The Walters Brothers - Cover

The Walters Brothers

Copyright© 2020 by qhml1

Chapter 9

That night we talked to the Monahans. They’d worked hard, all but Murdock, and lucked out. They found a little vein that was about eight feet long and three deep before it petered out to nothing. After that what the netted a day wasn’t worth the effort and time they put in to it. Still they’d found about two thousand dollars worth. Many a ranch had been bought for a lot less.

“We’ll be headin’ out day after tomorrow. Our claim has played out and it ain’t worth stayin’ the winter for. We’re going on to the valley we claimed, hole up there, and start work on the ranch as soon as the weather breaks. My advice to you is to do the same before the weather gets bad. Go on down, bank your gold, and try to find work for the winter. When spring comes take a look around, find you some land with good water and places sheltered from the weather. Build a nice ranch. After that if you still got gold fever come back.”

Miss Elsa and her father thought it was an excellent idea. They didn’t have the provisions necessary for the winter to come. We’d drop them off game from time to time, a deer once, half a bighorn sheep, even part of a bear that had come out of hibernation during a warm spell. I’m pretty sure it was the only times they got meat.

We’d already had some snows that mostly melted in a few days but we all knew there would come a time when that wouldn’t happen. One of her brothers was undecided, but Murphy and Munford were determined to stay. In the end they agreed to split, leaving the ones staying most of the supplies and a fourth of the gold. Munford bitched, saying they deserved more but Elsa shut them down pretty fast, telling them they were lucky they were getting that for the work they had done.

“I was hunting!,” Munford protested.

“That you were, the key word being hunting.
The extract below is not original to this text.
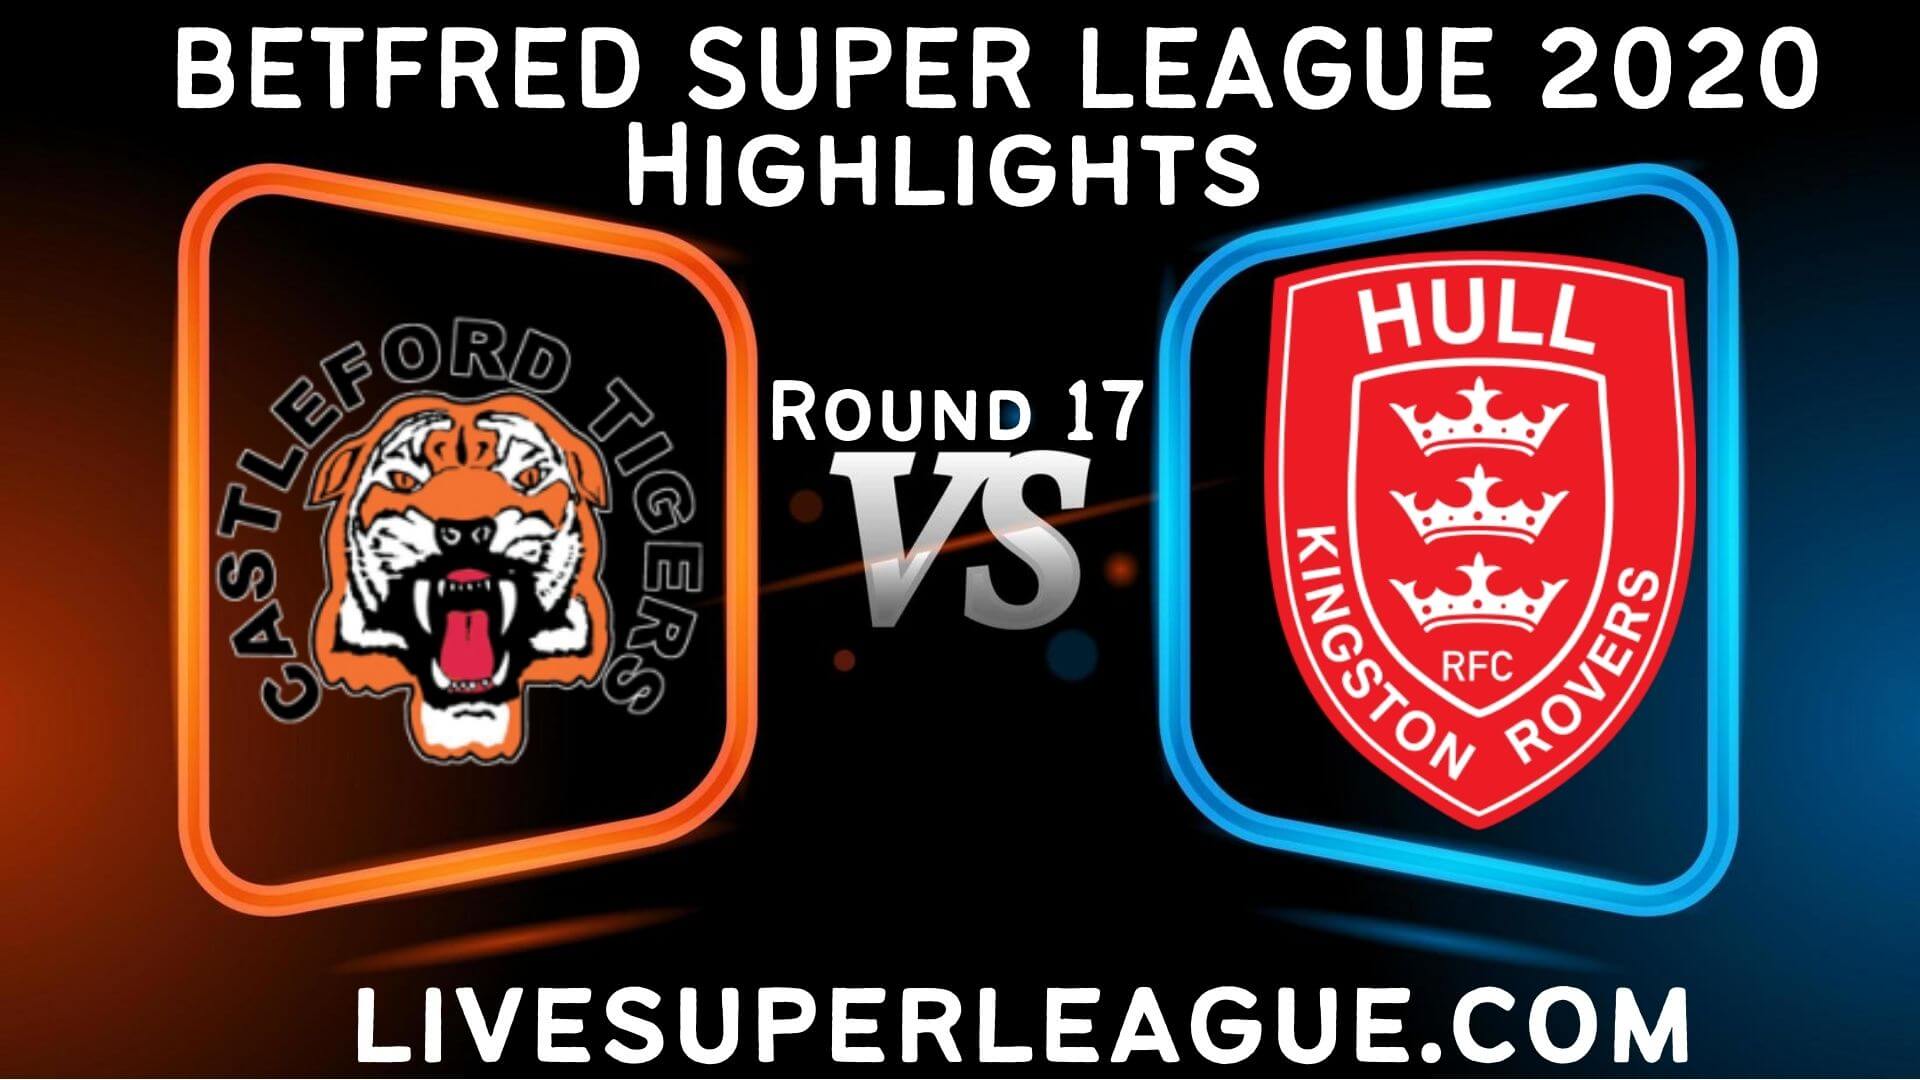 Castleford Tigers vs Hull KR Highlights 2020 Rd 17

You almost never shot anything and rabbits won’t keep you alive during the winter.”

Elsa ended up breaking her engagement to Munford calling him a lazy, undisciplined person who was scared to death of work. “I need a man who’ll step up and do what needs to be done to provide for his family and that ain’t you.”

We didn’t hear any of this until later when they stopped by to say goodbye. We shook and Elsa hugged us both, asking us to keep an eye on her brother. She told us about the falling out they had and how she no longer trusted her ex. “I want you to watch out for my brother and watch Willie. He’s become a bit more untrustworty lately.”

It was good advice. The day before we left I did some hunting, coming on to a herd of deer wintering in a draw. I got three, field dressed them, fixed a travois, and hauled them to their camp. “You hang these, smoke ‘em a little. The cold should keep them, and you’ll have meat for a good while.”

I helped Murphy hang them high enough to keep predators from getting them, shook his hand and left. We were gone before dawn the next morning

We took our time and wandered around for a little to confuse any trackers until we came up on our little trail. After we passed we hitched all the mules to the blue spruce and drug it until it blocked the trail. They’d have to do the same to unblock it and it bought us a little time. It was snowing a little and we figured it would wipe out our tracks and any earth we had disturbed.

There was a blanket of snow permanently now, but it wasn’t deep. A lot of the valley was sheltered which explained why the horse herd was still here. So were three of our cows. We cast around for the fourth but found no sign. When the thaw hit we found her and it looked like a cougar had gotten her.

We put our stock in the big cave, putting a rope across the front so they would get used to staying there. We’d let them out the next day but keep our horses close just in case. We worked on the little cave, putting a door in just far enough back that at a glance it would look empty. It was pretty deep and branched a couple of times. I followed one branch and stopped. I could hear our horses stomping around. That wall had to be mighty thin and when I told Zeke he agreed, so over the next few days we worked on it until we broke through.

It made us feel a whole lot better, even a rabbit won’t go into a hole that only has one way in and out. There was also a chimney at the very back just wide enough to wriggle through that popped you out on the ridge. We put in a really sturdy door in the stable, then we mixed up mortar and mud, plastering the door to the point it couldn’t be seen. It was thin enough to break through if the need was there but thick enough to fool anyone looking for a door.